Tuesday 6 August 2024

Hands-On Labs & Projects for Jobs & Certification Bootcamp

 Hands-On Labs & Projects for Jobs & Certification Bootcamp

In this era, there will be a lot of competition for AWS data engineering jobs due to new developments like automated data analysis, the integration of AI, and the merging of software and data teams. Strong abilities in SQL, Python, AWS services, and data engineering principles are necessary for AWS data engineers. The Data Engineering concepts greatly improve employment possibilities by providing advantages like more job options and higher compensation. Although salaries vary depending on experience and region, this sector is well regarded for paying well.

Following the step-by-step activity guides in this blog will thoroughly prepare you for the AWS DATA Jobs and help you with the skills needed for AWS Data Engineering job roles and certifications.

List of labs that are part of our Data Engineering on AWS Cloud Training Bootcamp:

1. Hands-On Labs For AWS Data Engineer

1.1 AWS Basic Labs

1.2 Ingestion and Changeover of Data

1.3 Management of Data Stores

1.4 Data Support and Operations

1.5 Data Governance and Security

2. Real-time Projects for Experience

These projects help you get real-time hands-on and for Experience and you can add them to your resume.

3. Conclusion

Learning Path For AWS Data Engineer Job Oriented Bootcamp

Learning Path For AWS Data Engineer Job Oriented Bootcamp

Let’s start with hands-on labs and project work in AWS Data Engineering to master scalable data solutions and optimize analytics pipelines for enhanced insights and decision-making.

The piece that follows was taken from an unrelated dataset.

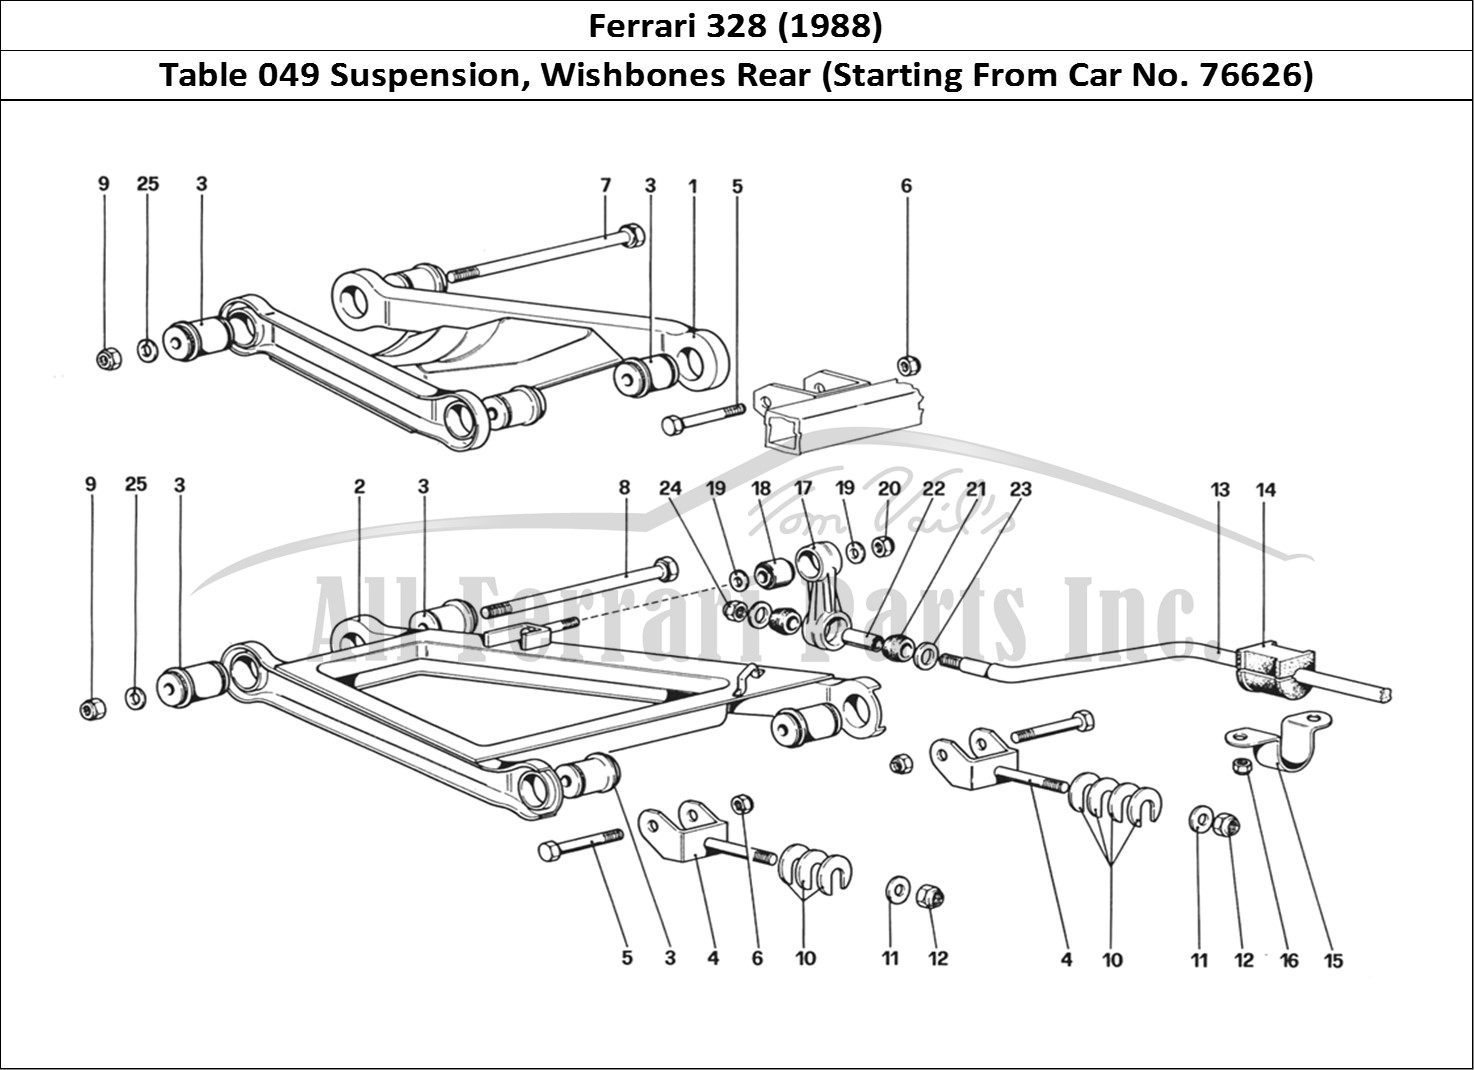 Ferrari Parts Ferrari 328 (1988) Page 049 Rear Suspension - Wishbon
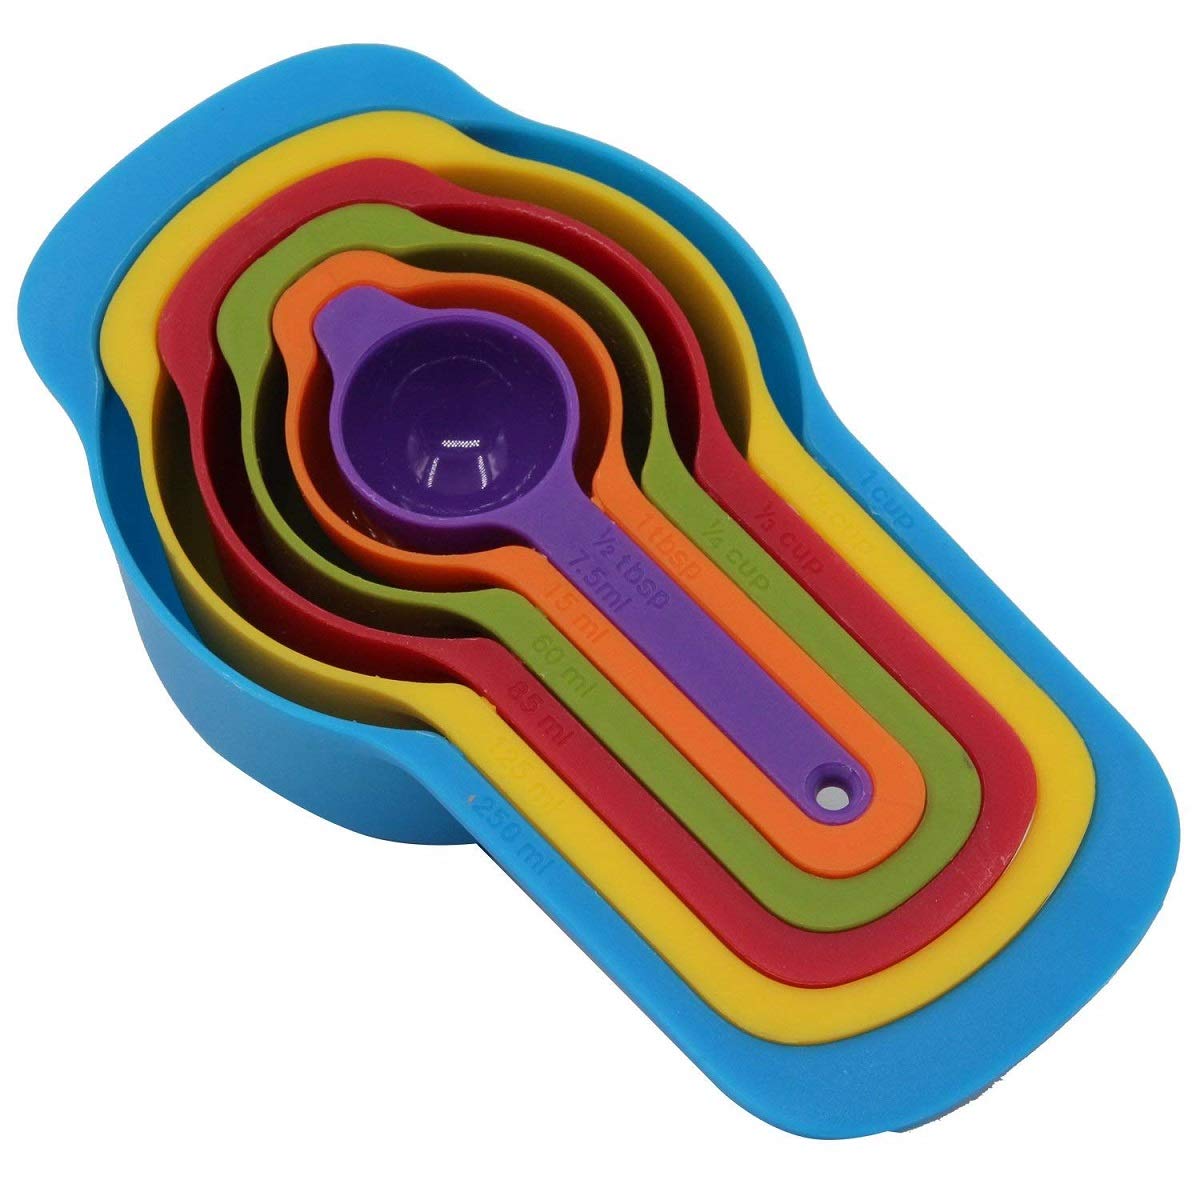 Measuring Cup & Spoon 6Pcs Set Colorful Plastic

Hands-On Labs For AWS Data Engineer

1.1 AWS Basic Labs

Lab 1:  Create an AWS Free Trial Account

Create a free trial account to get started with AWS. This interactive lab walks you through the first steps of setting up an AWS account, which provides you with a wealth of cloud services to work with your experiments and development.
To get a hands-on feel for all its services, new customers can sign up for a free 12-month trial membership with Amazon Web Services (AWS). We can utilize many services from Amazon, albeit with certain restrictions, to gain practical experience and expand our understanding of AWS cloud services in addition to ordinary business use.
All of the services available with the AWS Free Tier account have a usage cap on how much we may use without incurring fees. We’ll examine how to sign up for an AWS FREE Tier Account in this section.
Check out our step-by-step blog post on How to build an Amazon Free Tier Account to learn how to build a free AWS account.

AWS free tier

Lab 2: Set Service Limits and Billing Alarms with CloudWatch

Explore the monitoring service offered by AWS, CloudWatch. To successfully control costs, this lab focuses on setting up billing alarms and monitoring service restrictions to make sure your applications function properly within predetermined parameters.
Amazon CloudWatch can be used to enable AWS billing notifications. Your whole AWS account activity is tracked by the CloudWatch service from Amazon Web Services. AWS account usage activities can be detected via CloudWatch, which also offers an infrastructure for monitoring apps, logs, metrics collection, and other service metadata in addition to billing notifications.
You can configure your alarms using a variety of metrics provided by AWS CloudWatch. For instance, you can program an alarm to sound when the CPU or memory utilization of a running instance surpasses 90% or when the invoice amount surpasses $100. With an AWS free tier account, we receive 1,000 email notifications and 10 alarms every month.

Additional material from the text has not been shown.